Course Catalog API (a.k.a. Course Discovery)https://prod-edx-discovery.edx.orgMySQL, Elasticsearch

This is the authoritative place for data relating to finding and enrolling in a course. It's what's queried when you go to the marketing site and search for a course or look at its "Course About" page details – who is teaching it, what the schedule is, what language is it given in, etc. Because it's backed by ElasticSearch, it is much more efficient and flexible when searching across the system for courses with particular attributes.

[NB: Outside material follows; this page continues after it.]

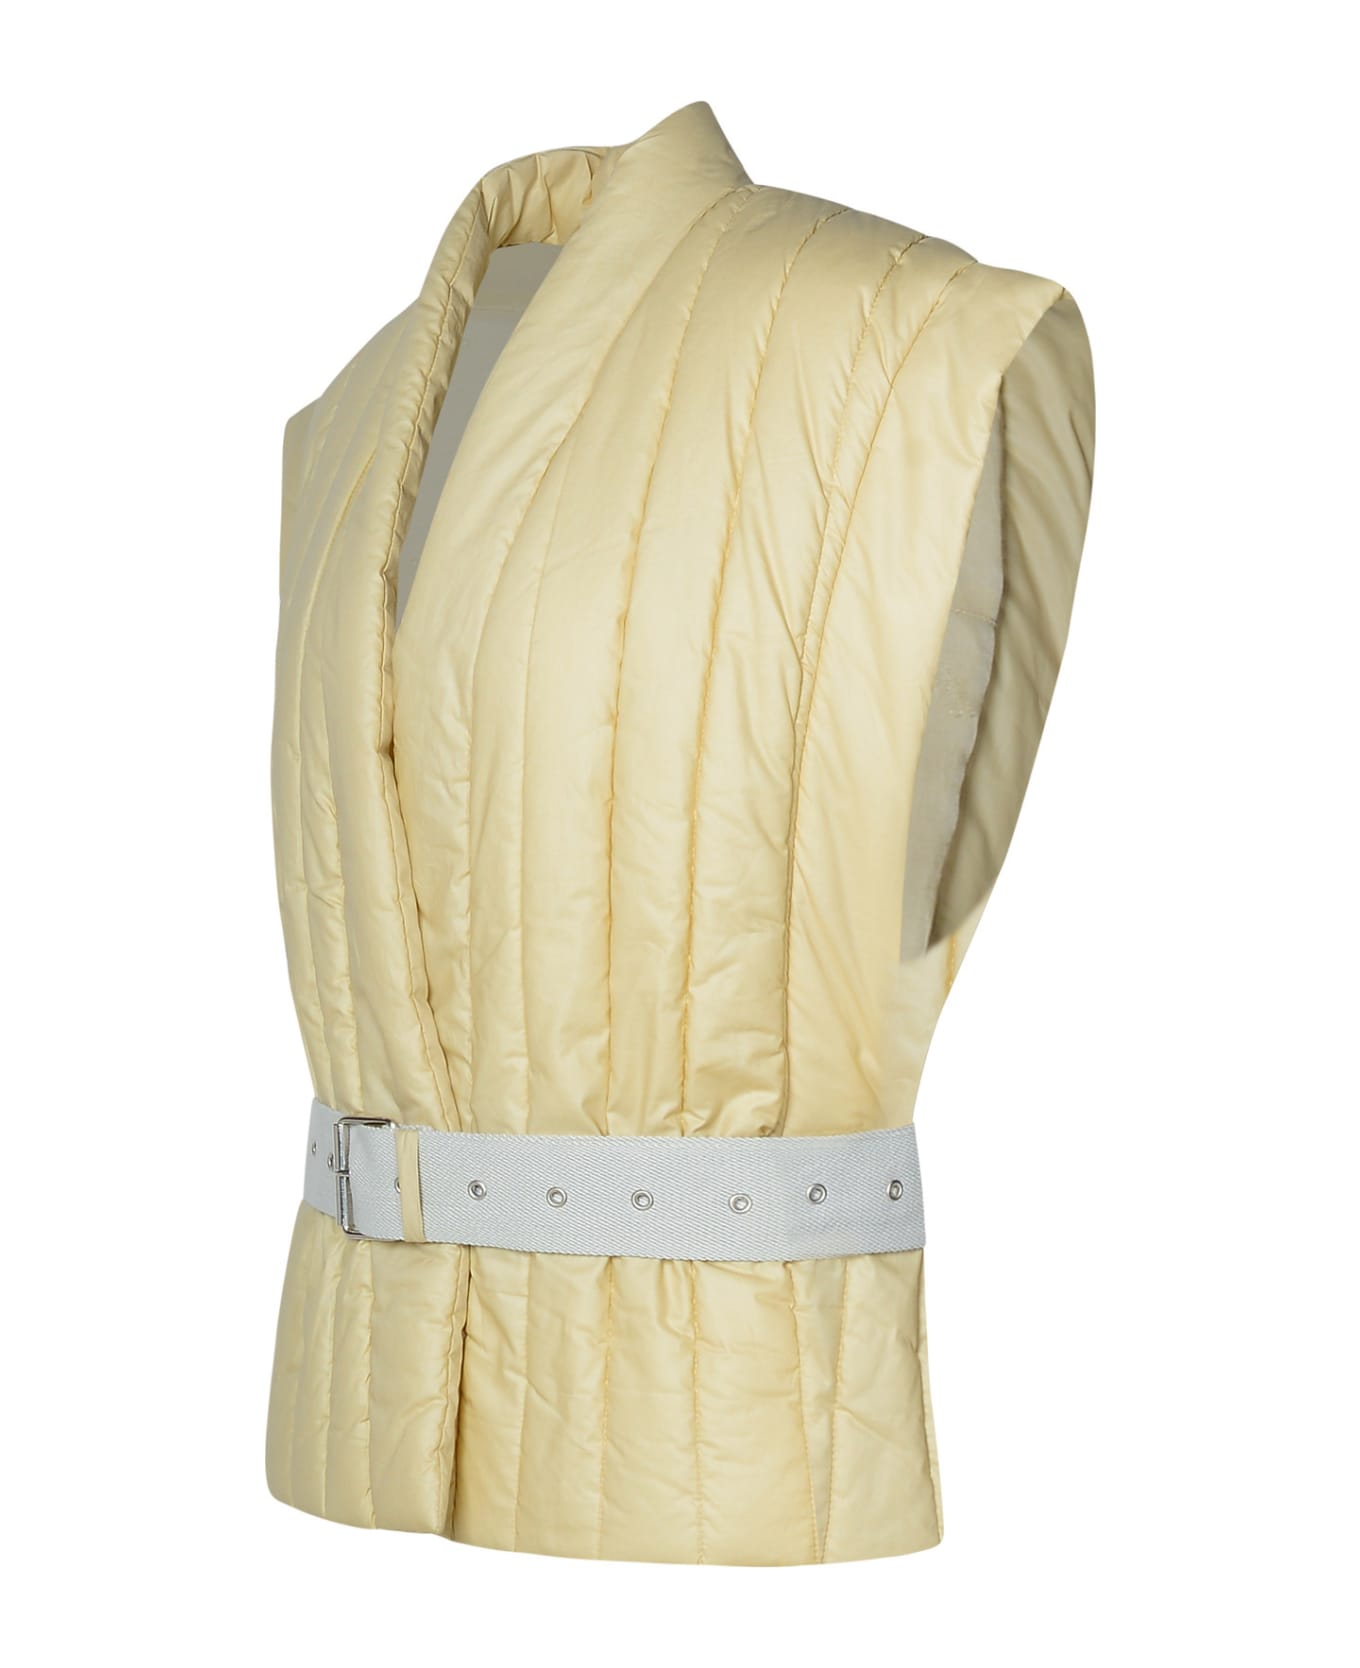 Isabel Marant 'ajali' Ecru Cotton Blend Jacket - Beige

Making synchronous calls to this service can be expensive, so if the data exists in Course Overviews and you can live with the delay, it's better to use that.

CourseGraph

https://coursegraph.edx.org/browser/

(Neo4j DB, not part of edx-platform, requires VPN access)

Neo4j

This is used by support/sustaining teams and occasionally services staff to answer questions about course team authored content across edx.org. Think of this as the Modulestore content field data shoved into a Neo4j database on a periodic batch process.  There are many example queries available, including:

  1. How many courses are still using a particular XModule? Can we deprecate it?
  2. Are there any proctored exams coming up soon?
  3. What courses have a particular setting enabled?

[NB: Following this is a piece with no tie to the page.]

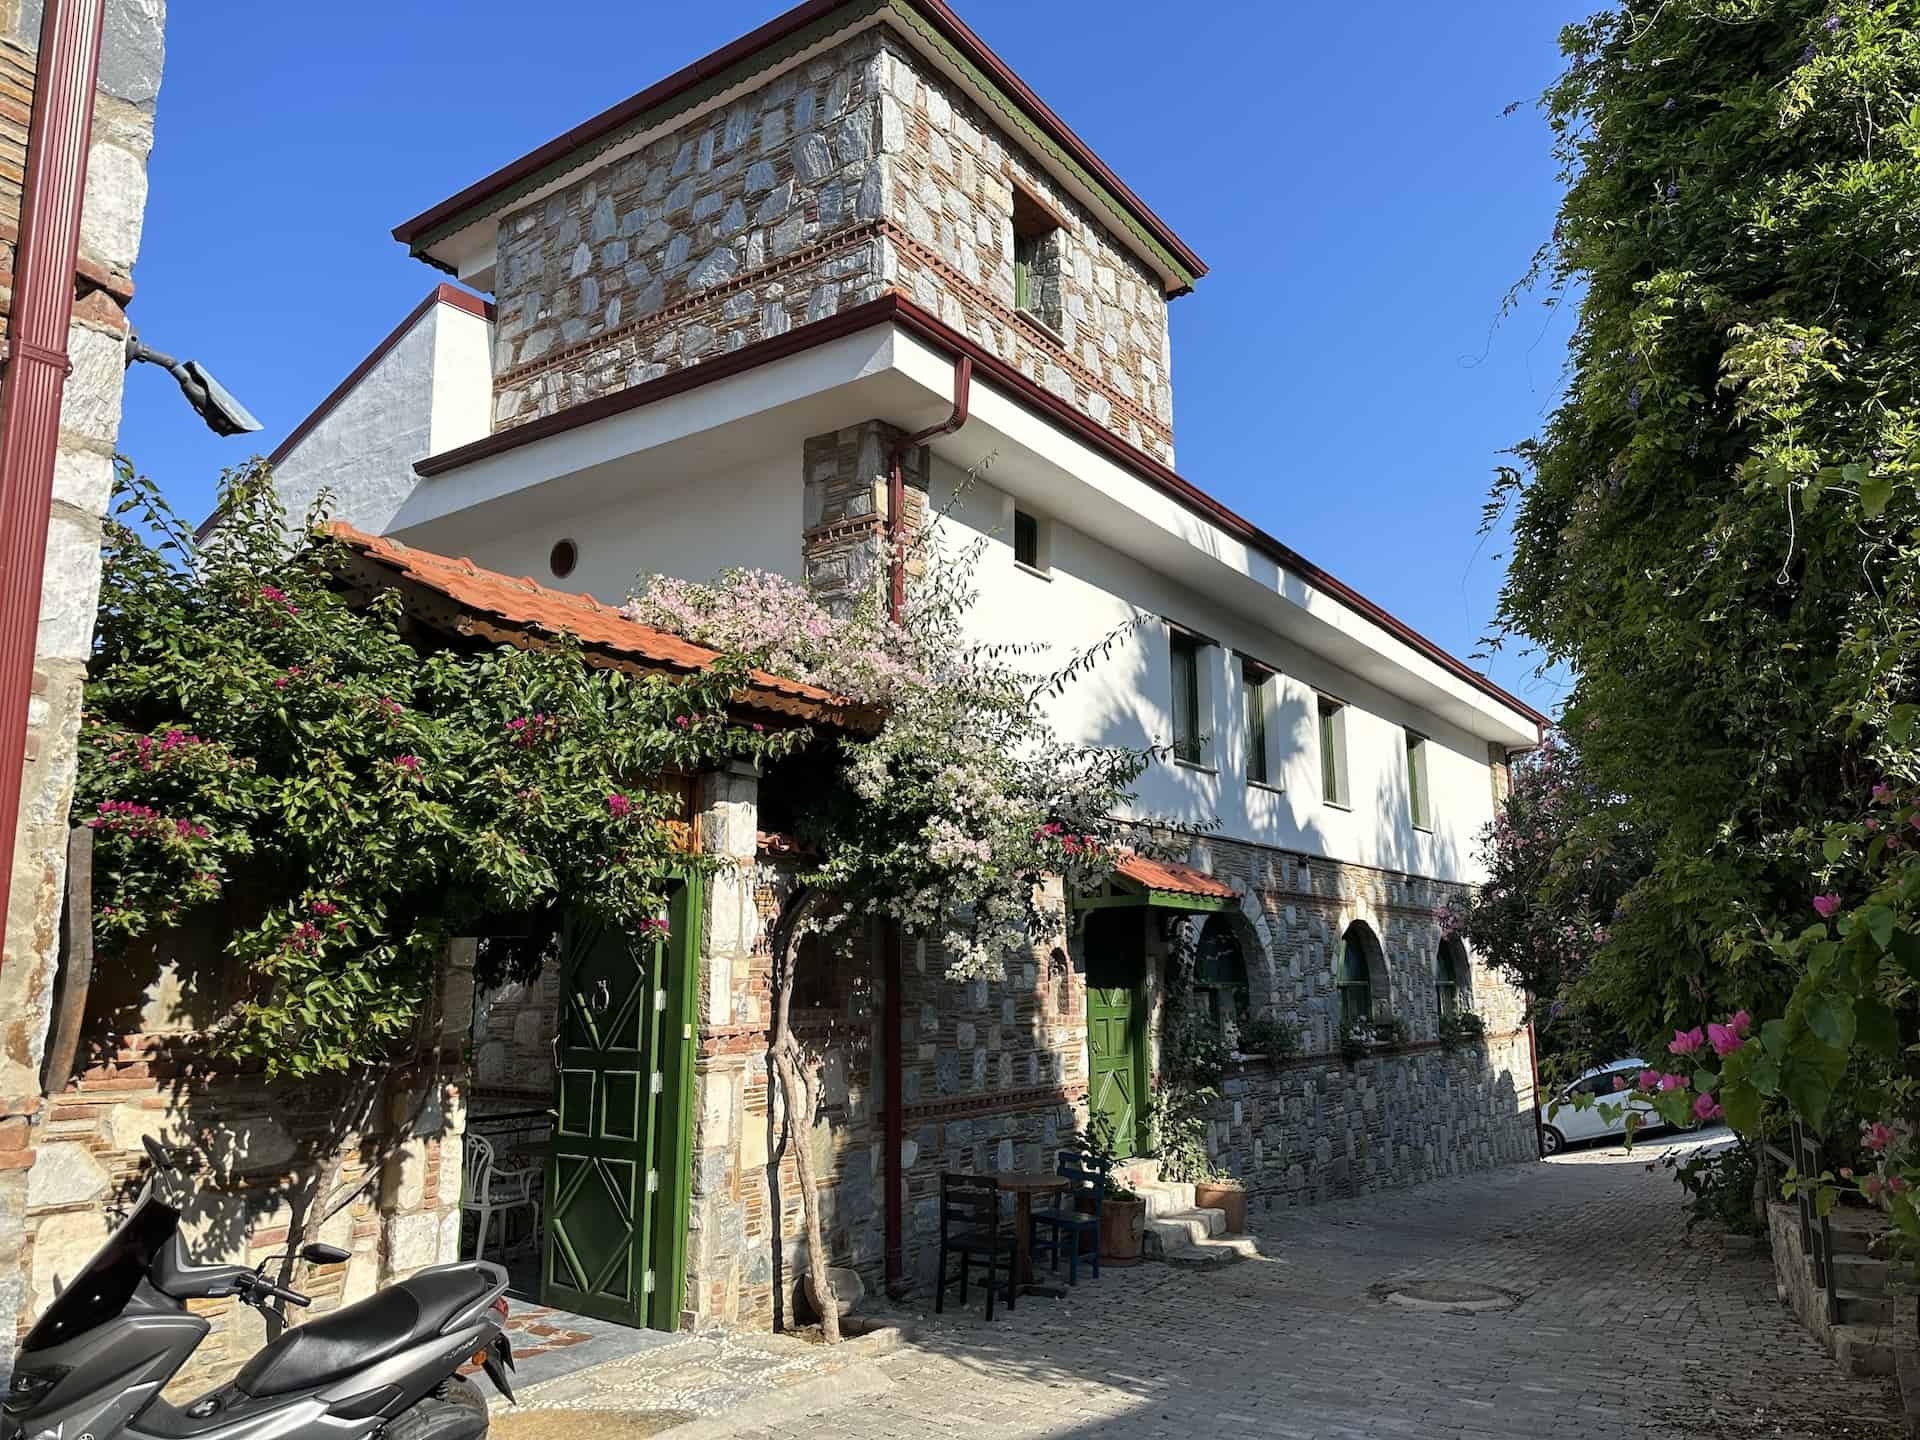 Celsus Hotel in Selçuk, Turkey

CourseGraph only sees what Modulestore sees, and some of that data is not canonical. The following are data for which the canonical answer is in the Course Discovery/Catalog API:

  • Course start/end/enrollment dates.
  • Course language.
Local App Models

Django ORM, django-storages

MySQL, S3

A common pattern is to listen for SignalHandler.course_published, and then to access Modulestore data in an asynchronous process. The Blocks API and Transformers are extremely useful for grabbing a big chunk of the Course and manipulating it, but they still incur a relatively high overhead to query 100s of milliseconds. If you just want to derive one or two small bits of field data that are read all the time, you can copy those into your own model where the access time will be ~1ms.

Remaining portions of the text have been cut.